By early afternoon in Europe, benchmark crude for June delivery was down $1.86 to $68.28 a barrel in electronic trading on the New York Mercantile Exchange. The July contract lost $1.68 to settle at $70.80 a barrel Thursday.
Crude has fallen about 20 percent so far this month after touching an 18-month high of $87.15 on May 3 as investor confidence tumbled amid fears deep government spending cuts in Greece, Spain, Italy and Portugal to stave off a debt default will hurt European economic growth.
"There are clearly fears that the announced fiscal consolidation measures could sharply curb economic growth and oil demand in Europe," Commerzbank said in a report.
Oil had plunged to $32 a barrel in December 2008 from $147 five months earlier as a US financial crisis plunged the global economy into recession.
"The euro-zone's problems are a painful reminder that the global financial crisis has only been partly resolved by transferring it from the banking sector to the public finances," Capital Economics said in a report.

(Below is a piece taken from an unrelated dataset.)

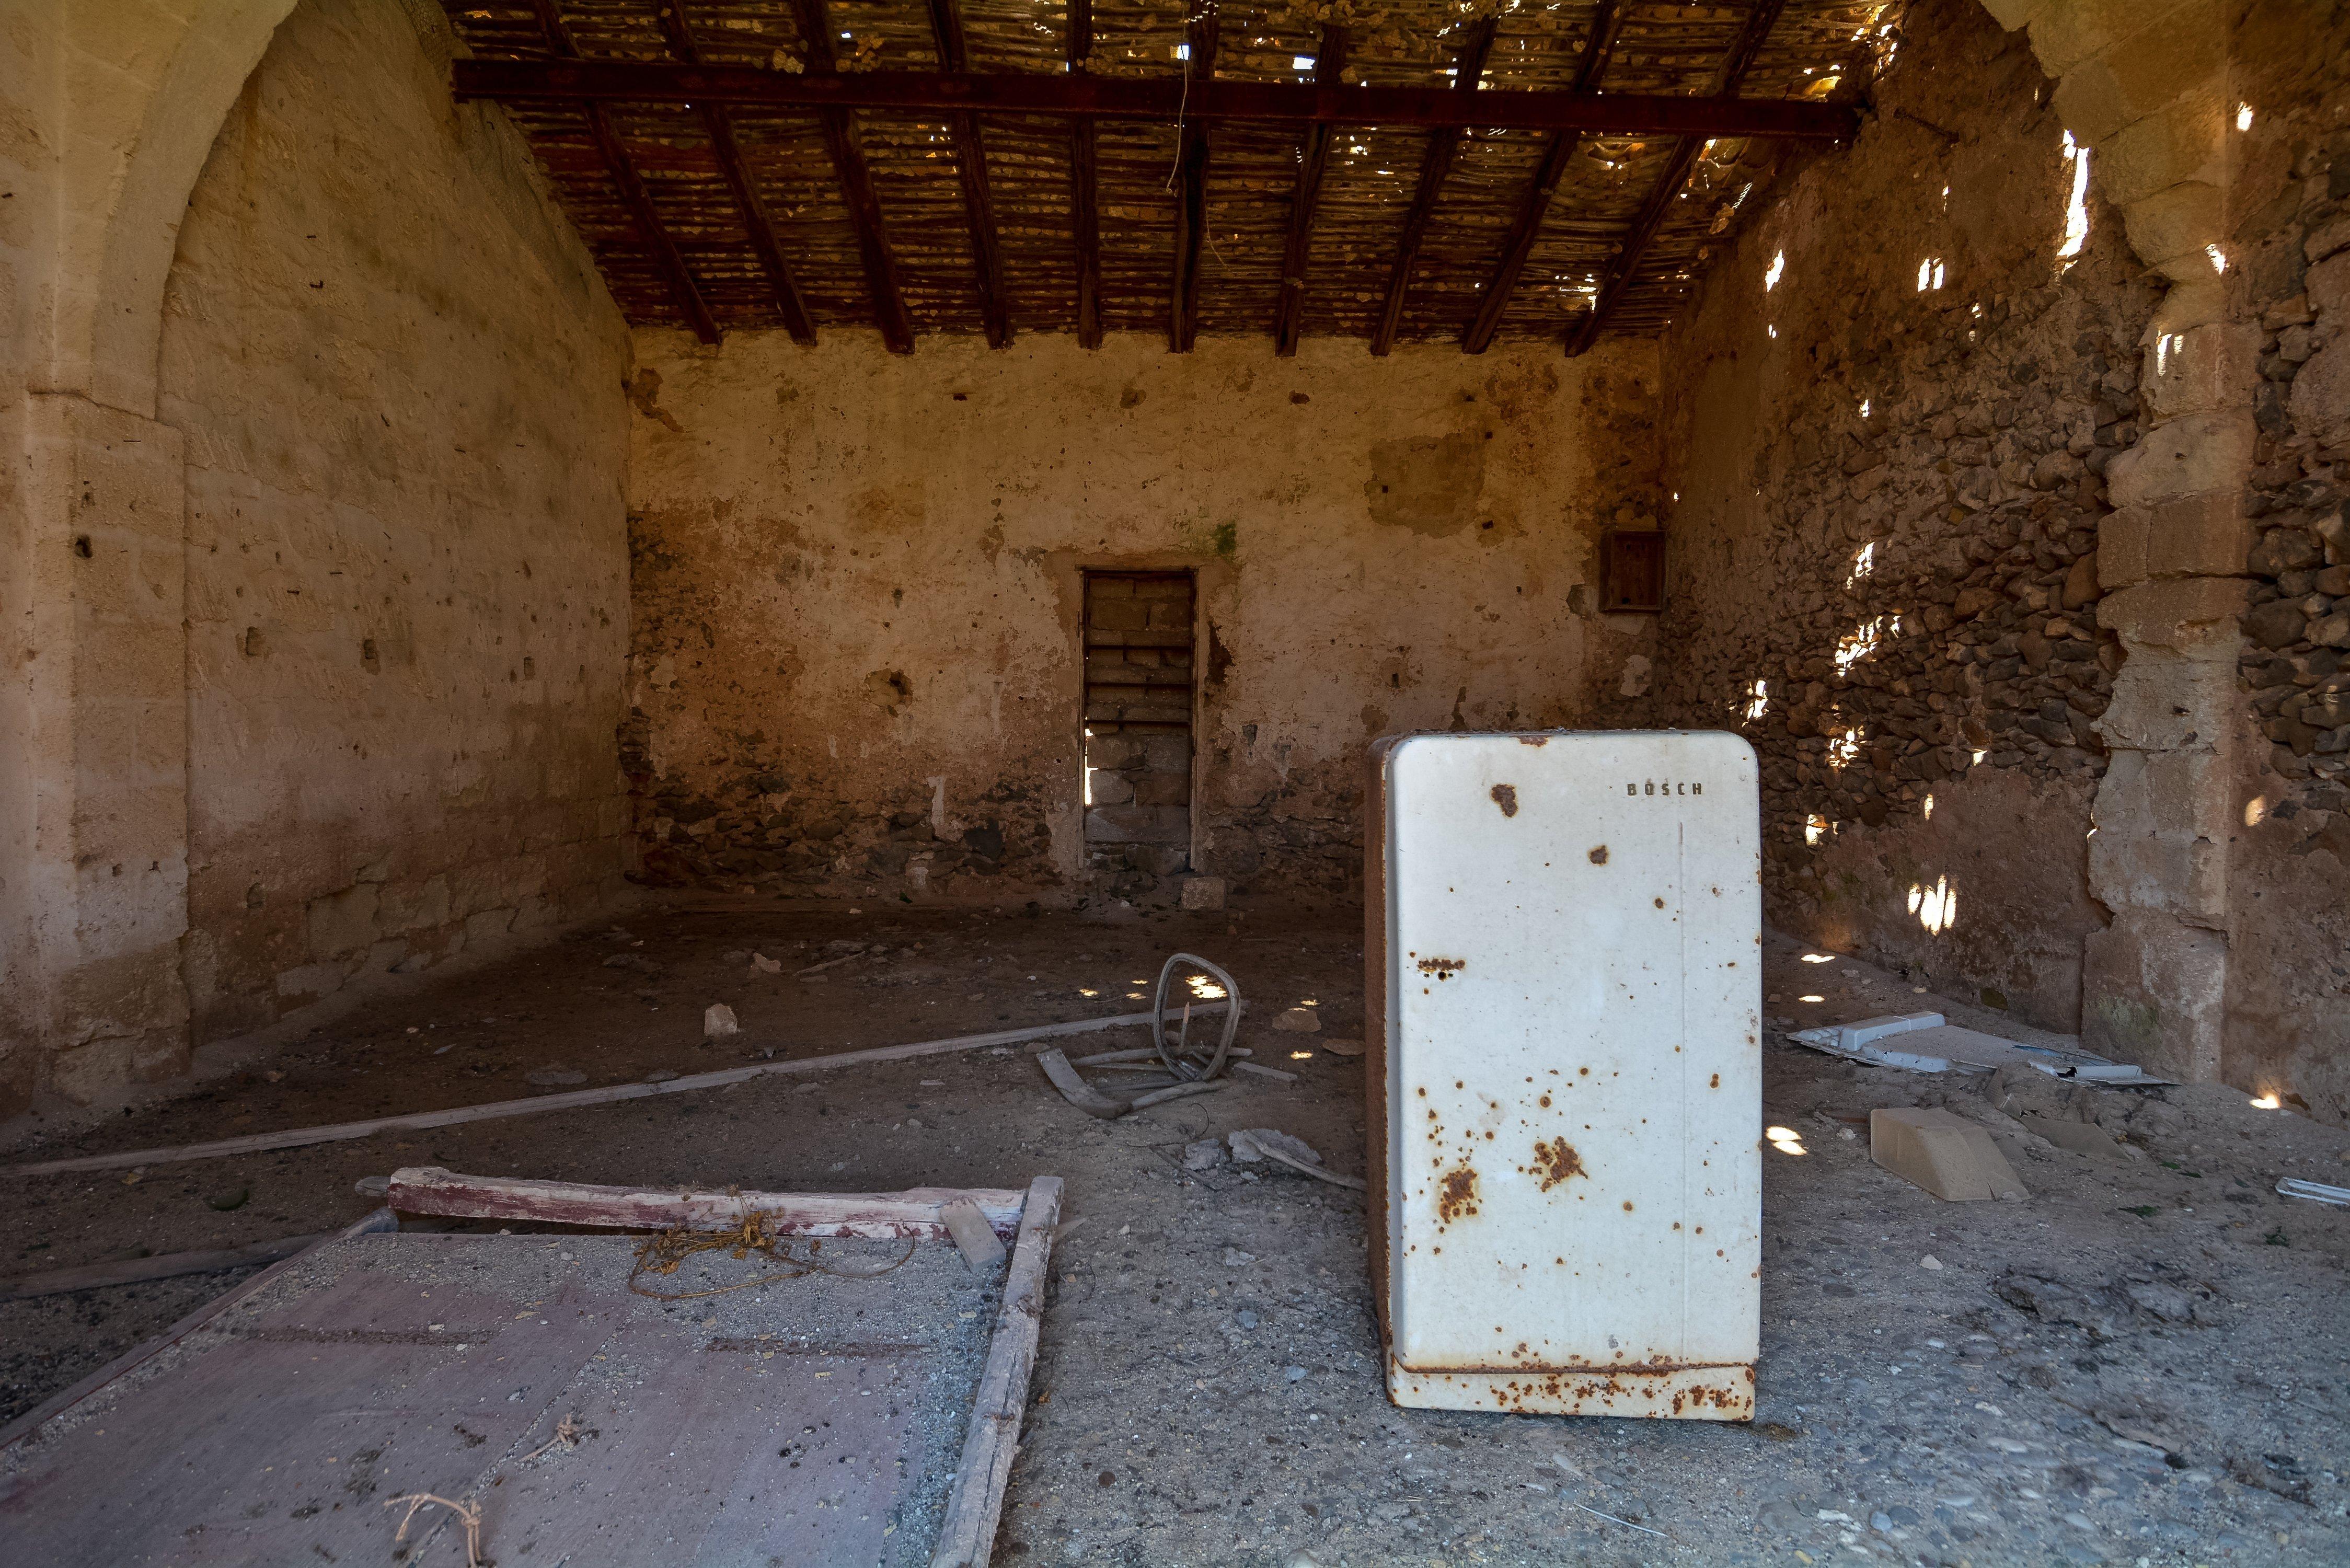 ruins tuna factory fishing san vito lo capo tonnara del secco abandoned urbex lost places italy sicily courtyard interior trash refridgerator

"It would be wrong to assume that commodity prices will recover to their immediate pre-crisis levels as if nothing had happened in the meantime." Capital Economics said it expects crude prices to fall to $60 a barrel at the end of the year.
In other Nymex trading in June contracts, heating oil fell 0.60 cent to $1.8959 a gallon, and gasoline dropped 0.90 cent to $1.9555 a gallon. Natural gas slid 1.4 cents to $4.092 per 1,000 cubic feet.
In London, the Brent crude July contact was down 35 cents to $71.49 on the ICE futures exchange.